2020 Assam mob lynchings refer to the mob lynching incidents occurred in the Northeast Indian state of Assam in 2020.

Lynching of Jahnobi gogoi
Muslim neighbours threaten to kill  Jahnobi Gogoi in Nazira district for watching Ramayana serial during Ramzan. In a shocking incident, two locals, Samiruddin Ali and Mobidul Rahman attacked a poor Hindu woman in Assam’s Nazira district, for ‘watching TV in her house during the month of Ramzan’. The Muslim neighbours prohibited the woman from watching TV, citing Ramzan.
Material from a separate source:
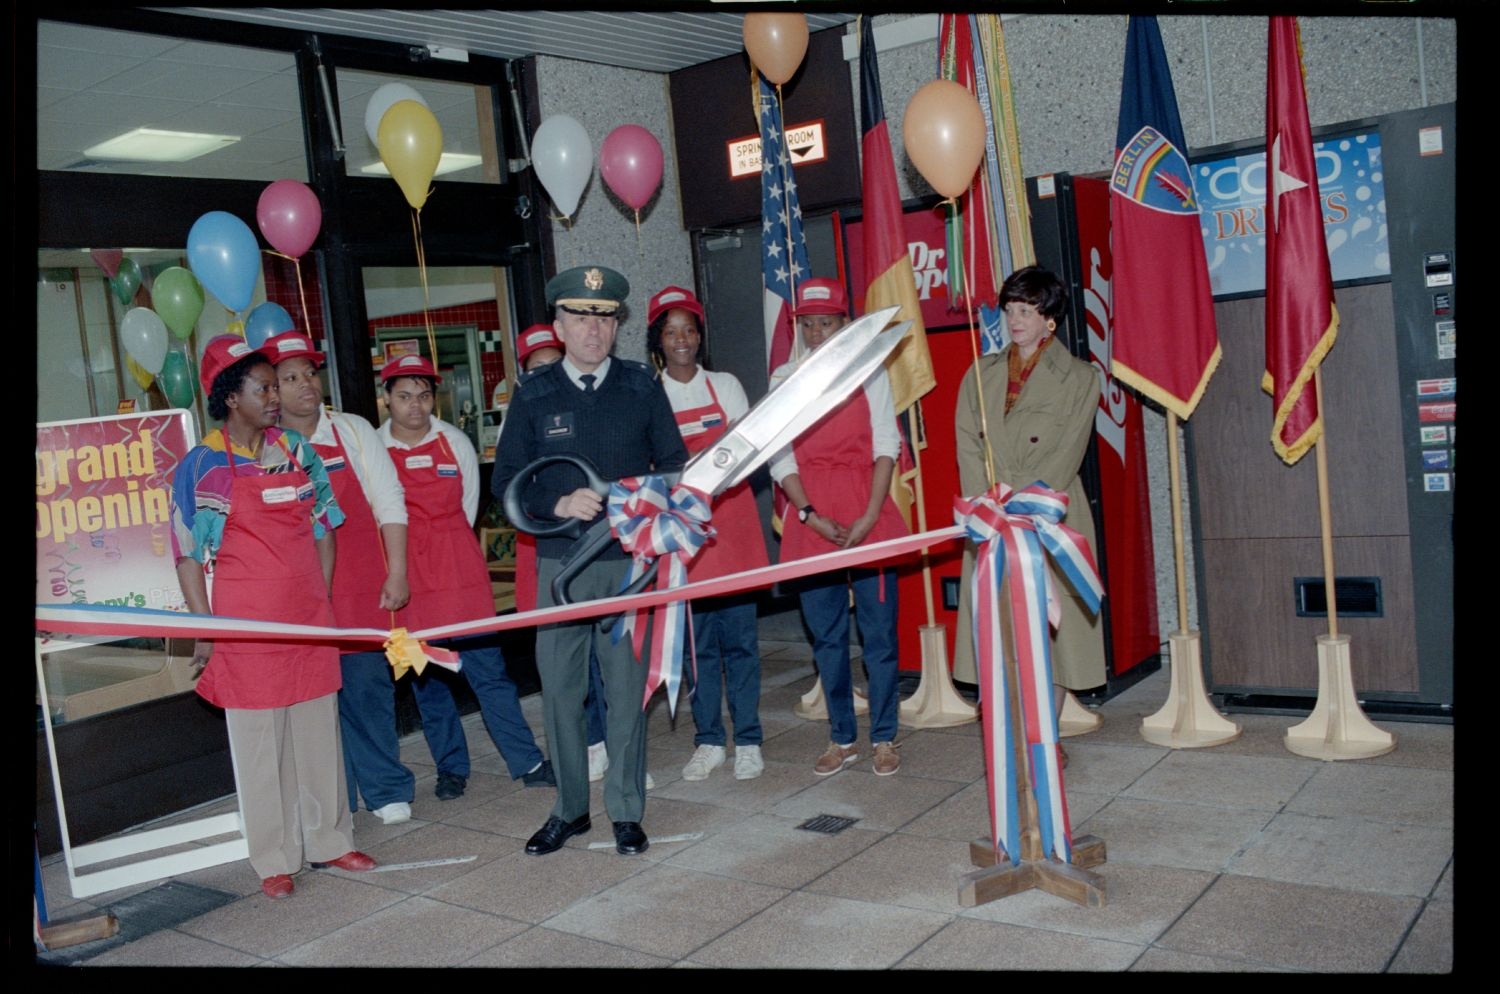 Fotografie: Eröffnung einer Anthony`s Pizza Filiale an der Truman Plaza in Berlin-Dahlem

After this, they allegedly gathered in large numbers with sharp weapons and started assaulting the woman. They attempted to murder her by strangulating her.

Lynching of Sanatan Deka 
On 23 May 2020, a vegetable vendor Sanatan Deka was beaten to death by five Muslims at Monahkuchi village, Kamrup district, Assam. Police was able to arrest 2 prime accused.

Lynching of Paragjyoti Neog 
On 23 May 2020, Paragjyoti Neog, a resident of Upper Assam's Chabua, was killed by a muslim mob.

Lynching of Rituparna Pegu 
On 12 June 2020, a man named Rituparna Pegu was lynched was stabbed to death in broad daylight in Guwahati. A muslim family was arrested. The incident caused protests in Guwahati.